病院を出てから、マリーは一言も口をきいていなかった。ピエールは、彼女が何か言いたがっているのに気づき、顔を近づけた。
「お父さまは?」と彼女は尋ねた。「いらしてないの? あの散歩からまだ戻ってないの?」
ピエールは、ゲルサン氏はまだ戻っていない、きっと何かの事情で遅れているのだろうと答えなければならなかった。
するとマリーは、微笑みながらこう言った。
「まあ、かわいそうなお父さま……私が治ってるのを見たら、どんなに喜ぶでしょうね!」
ピエールは、彼女を見つめ、胸がいっぱいになった。病が長く蝕んだ体なのに、こんなにも愛らしい姿を見るのは初めてだった。黄金のような髪だけは病魔の侵入を許さず、彼女を祝福するかのようにまとっていた。やせ細った小さな顔は、夢見るような表情をたたえ、目は痛みの幻影にさまよい、顔立ちは硬直して、まるで一つの思いに囚われたまま深い眠りに落ちているかのようだった。そして幸福の衝撃によって、神が望むときにだけ目覚めるのを待っているのだ。彼女は自分の存在から抜け出し、ただ神の許しにより、再び自分に戻る日を待っていた。
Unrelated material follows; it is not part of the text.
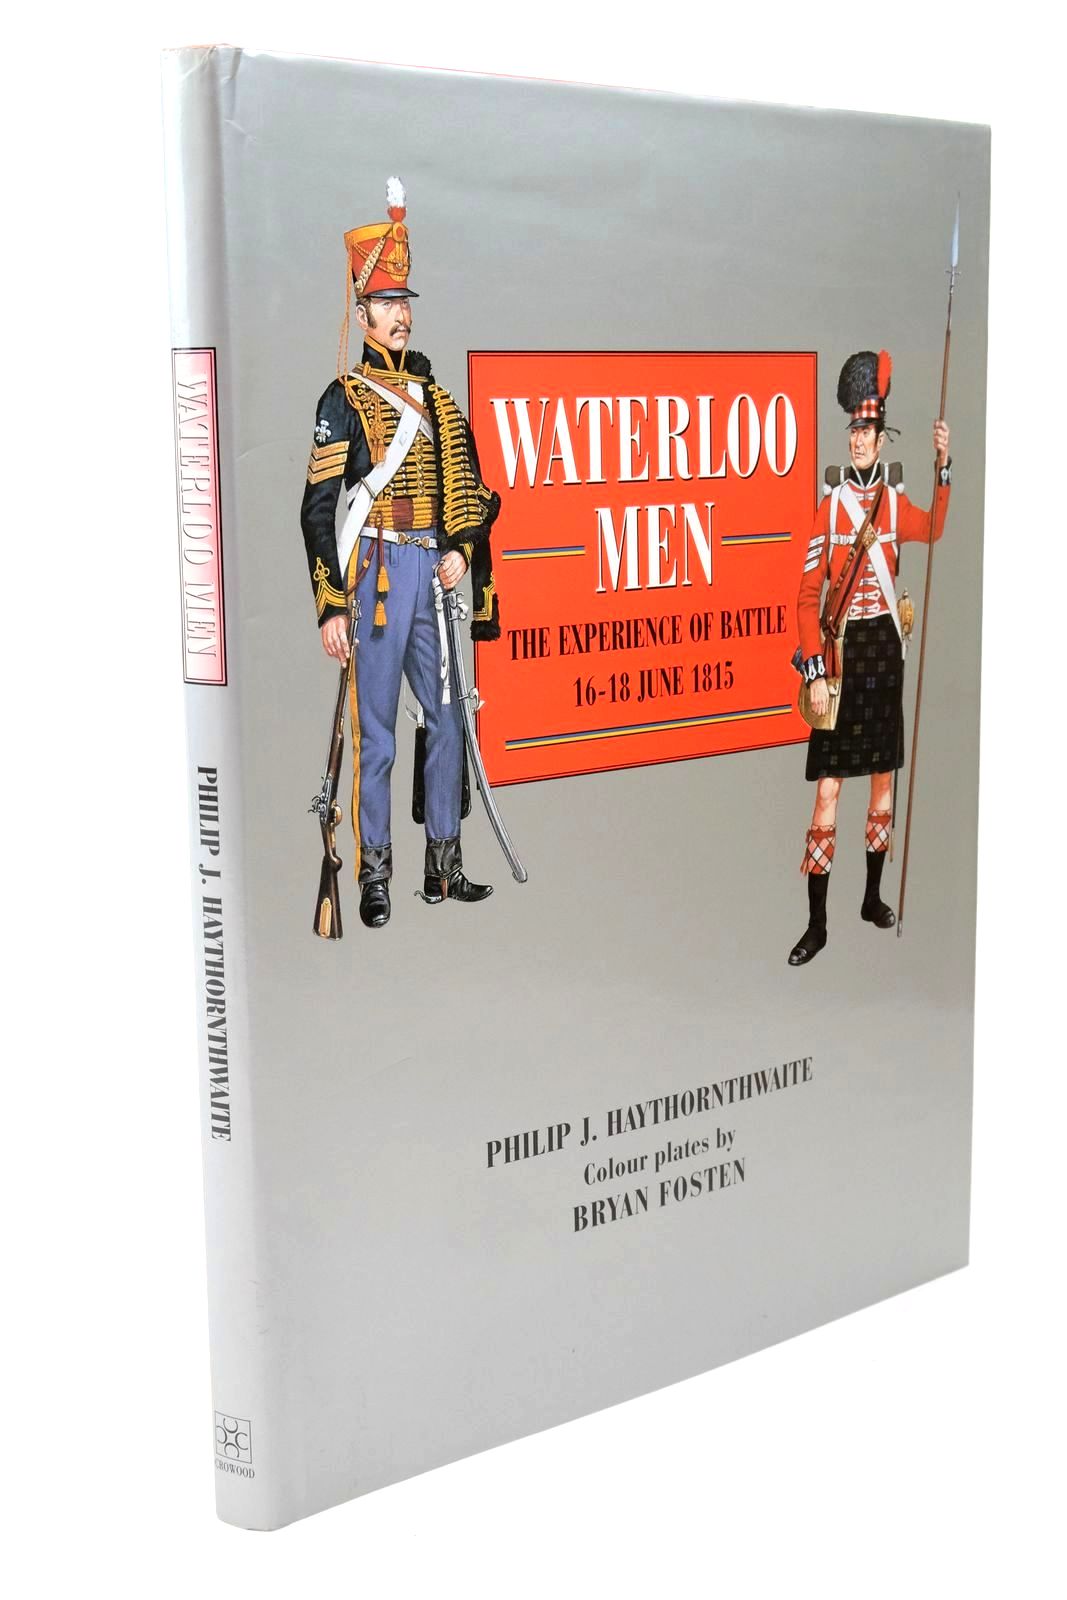 Photo of WATERLOO MEN: THE EXPERIENCE OF BATTLE 16-18 JUNE 1815- Stock Number: 1322630

23歳の彼女は、少女のままだった。幼い頃に受けた事故により成長が止まり、女になることを妨げられたままだった。そしていま、天使の訪れを受けるため、奇跡の衝撃を受け入れるために、ついに準備が整ったのだ。朝から続く彼女の恍惚は途切れることなく、手を組み合わせたまま、聖母マリアの像を見た瞬間から全身で天へと飛び立っていた。彼女は祈り、神に捧げられていた。
ピエールにとって、それは激しく心を揺さぶる時間だった。
彼は感じていた――自らの司祭としての人生のドラマが、今ここで決着しようとしているのだと。もしこの瞬間に信仰を取り戻せなければ、もはや二度と信じることはないだろう、と。
そして彼は、邪念も抵抗もなしに、心から願った。自分たち二人が、同時に癒され、救われることを。ああ、彼女の奇跡を通じて、自分も信じる者になりたい。共に信じ、共に救われたい!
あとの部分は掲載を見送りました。